==== DATA PROVIDED ====
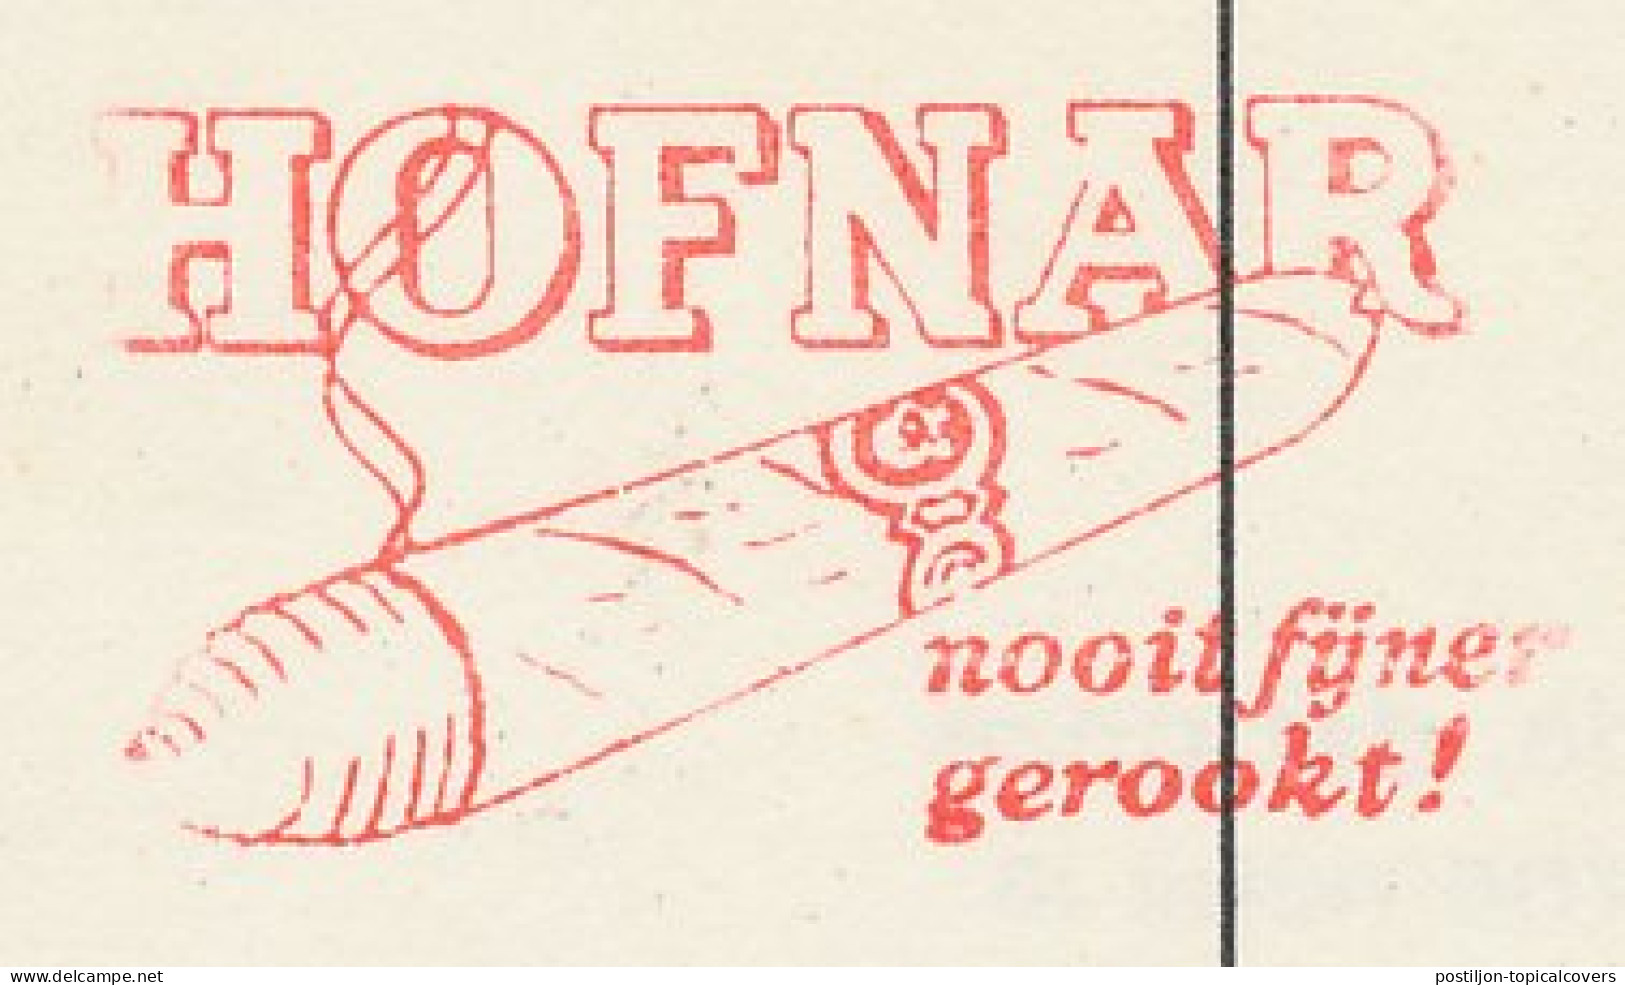 Meter Card Netherlands 1974 Cigar - Hofnar - Valkenswaard - Tobacco
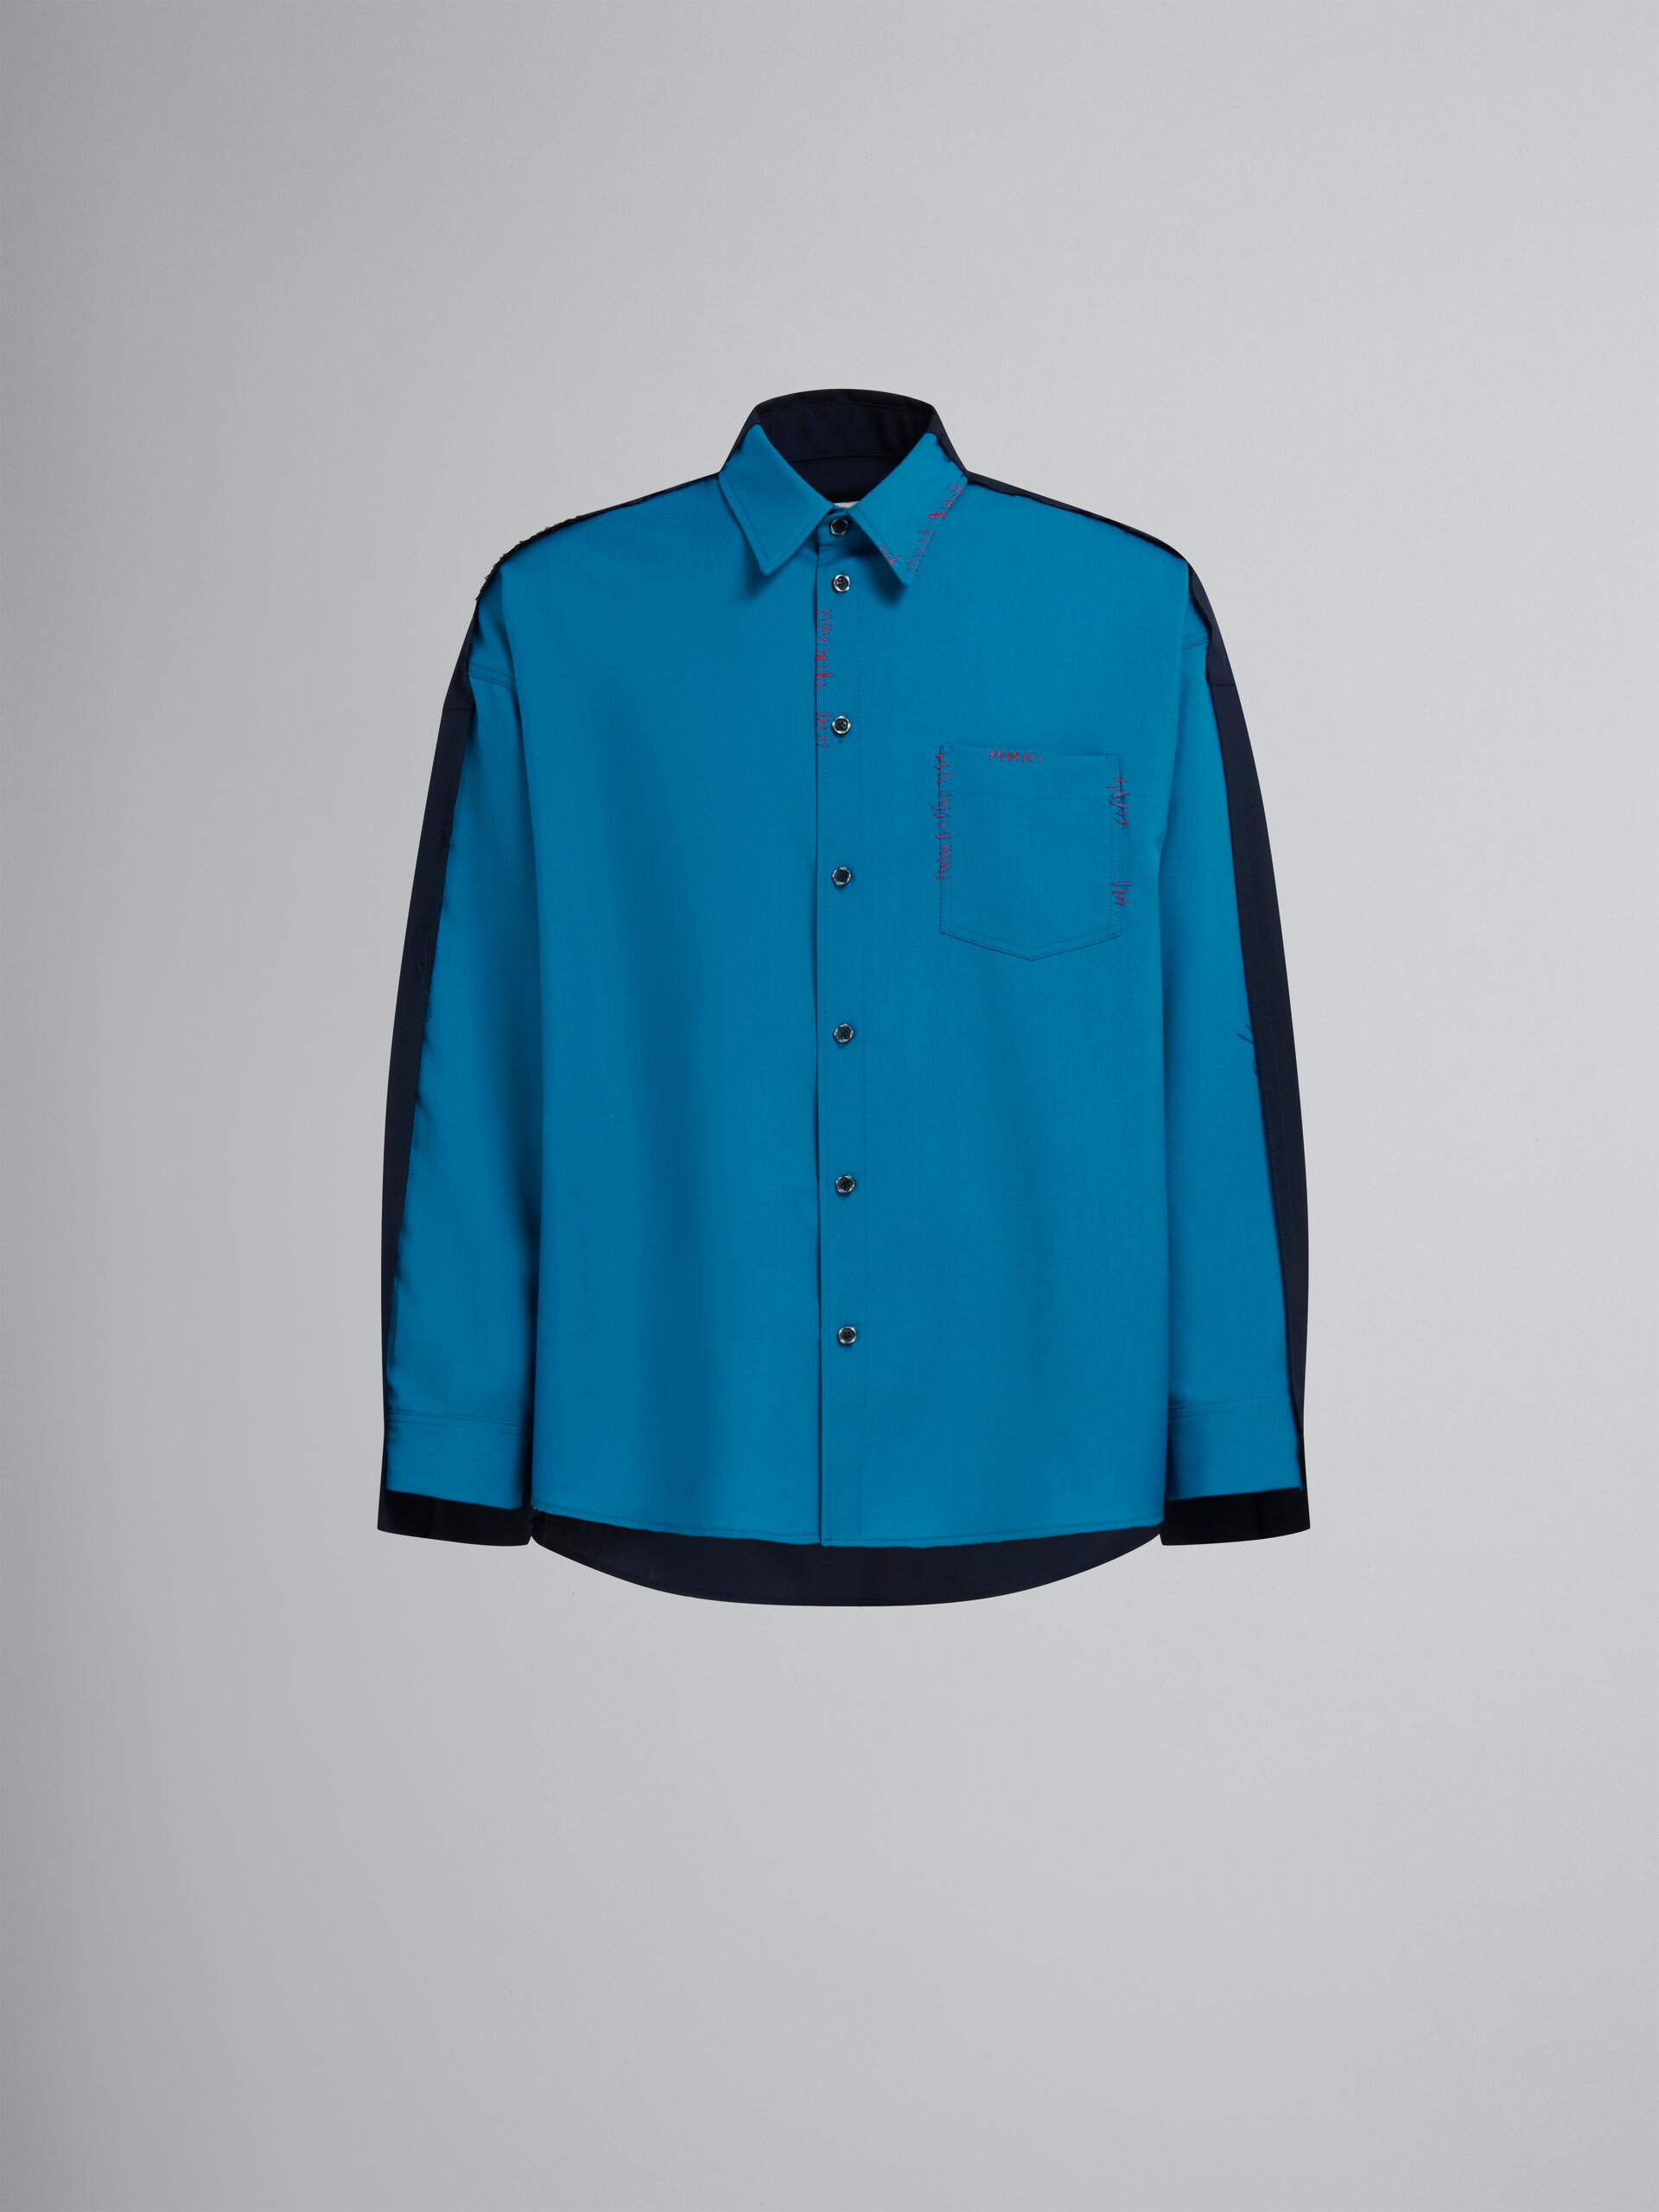 Camicia in fresco lana blu con retro a contrasto - Camicie - Image 1
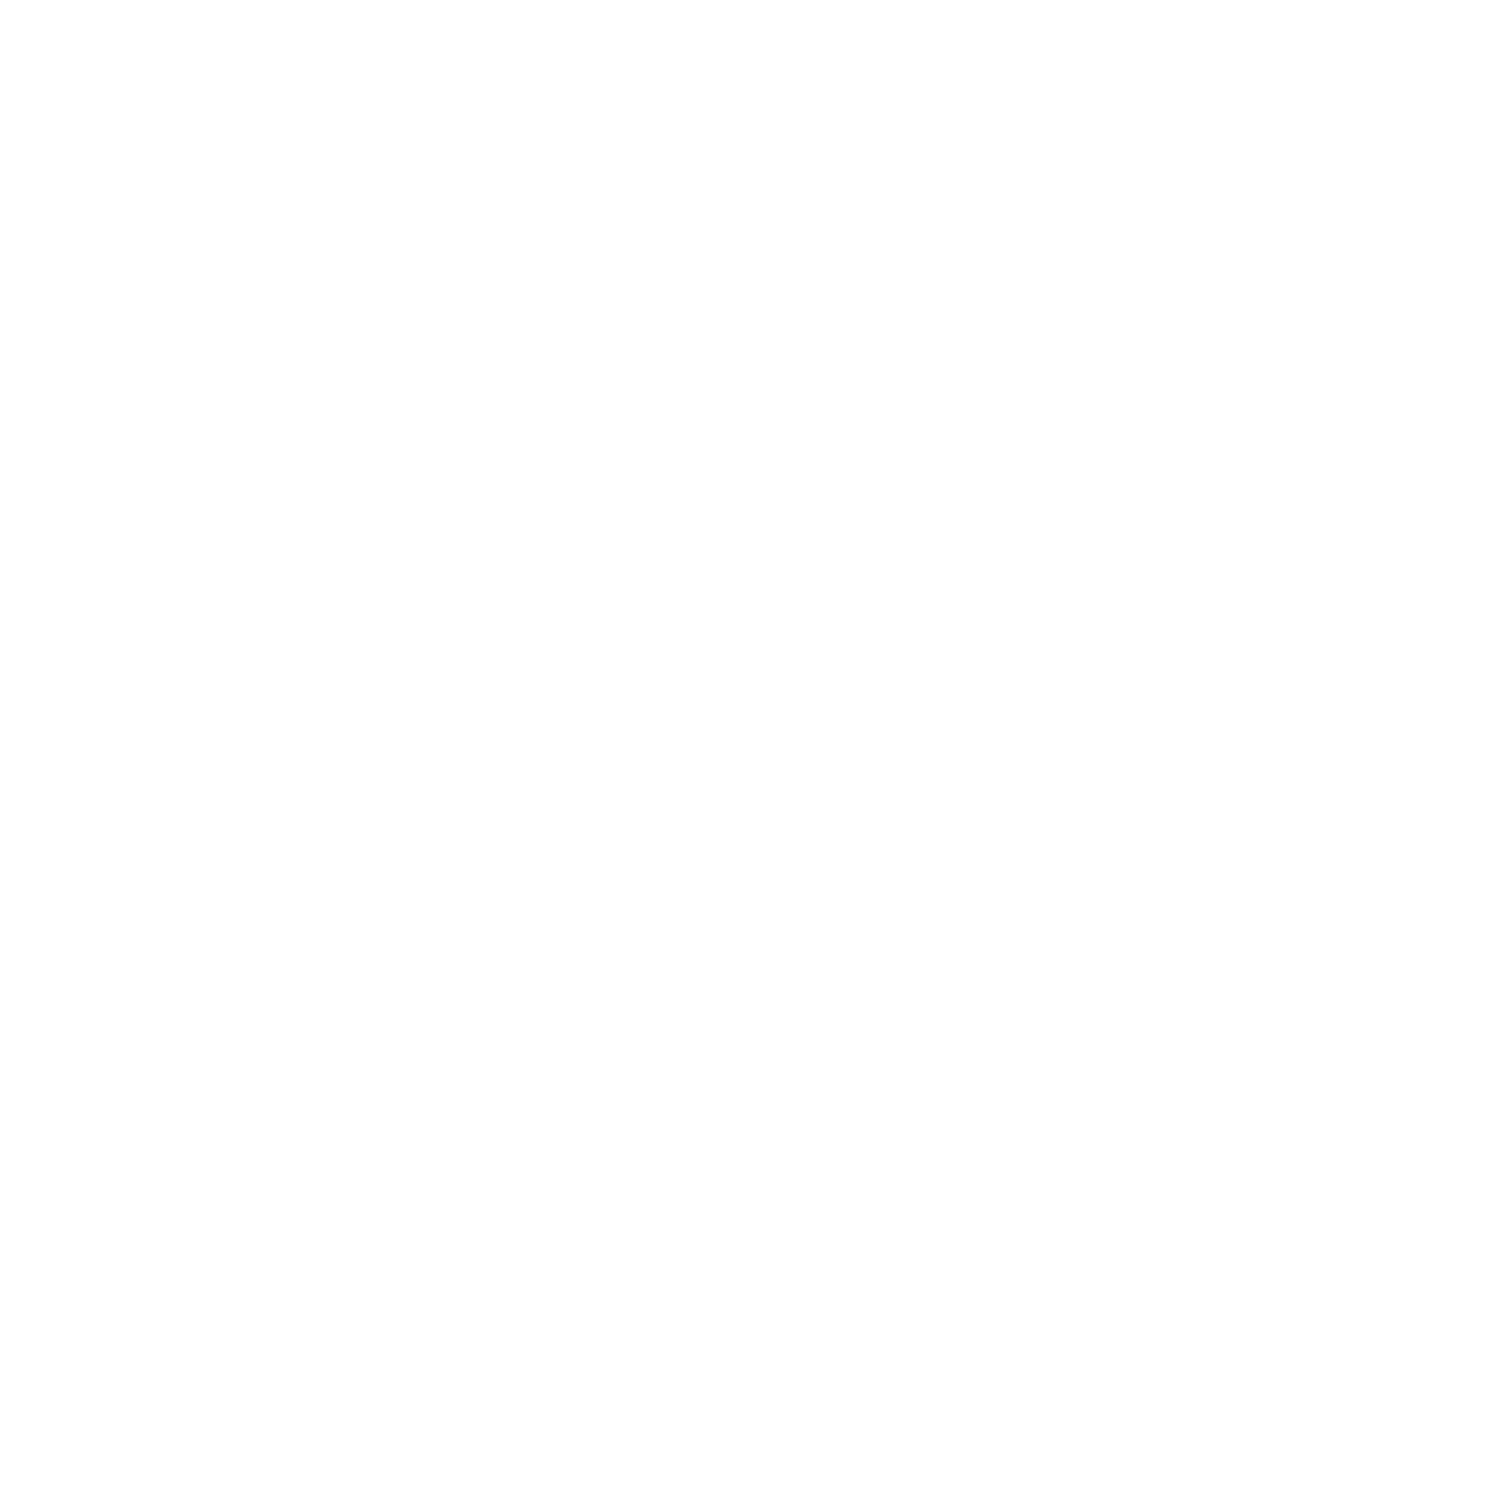 Ben Linderman
====
Would you return the material exactly, images excluded?

SOLUTION TO THE EXERCISE
 Meter Card Netherlands 1974 Cigar - Hofnar - Valkenswaard - Tobacco
 Camicia in fresco lana blu con retro a contrasto - Camicie - Image 1
 Ben Linderman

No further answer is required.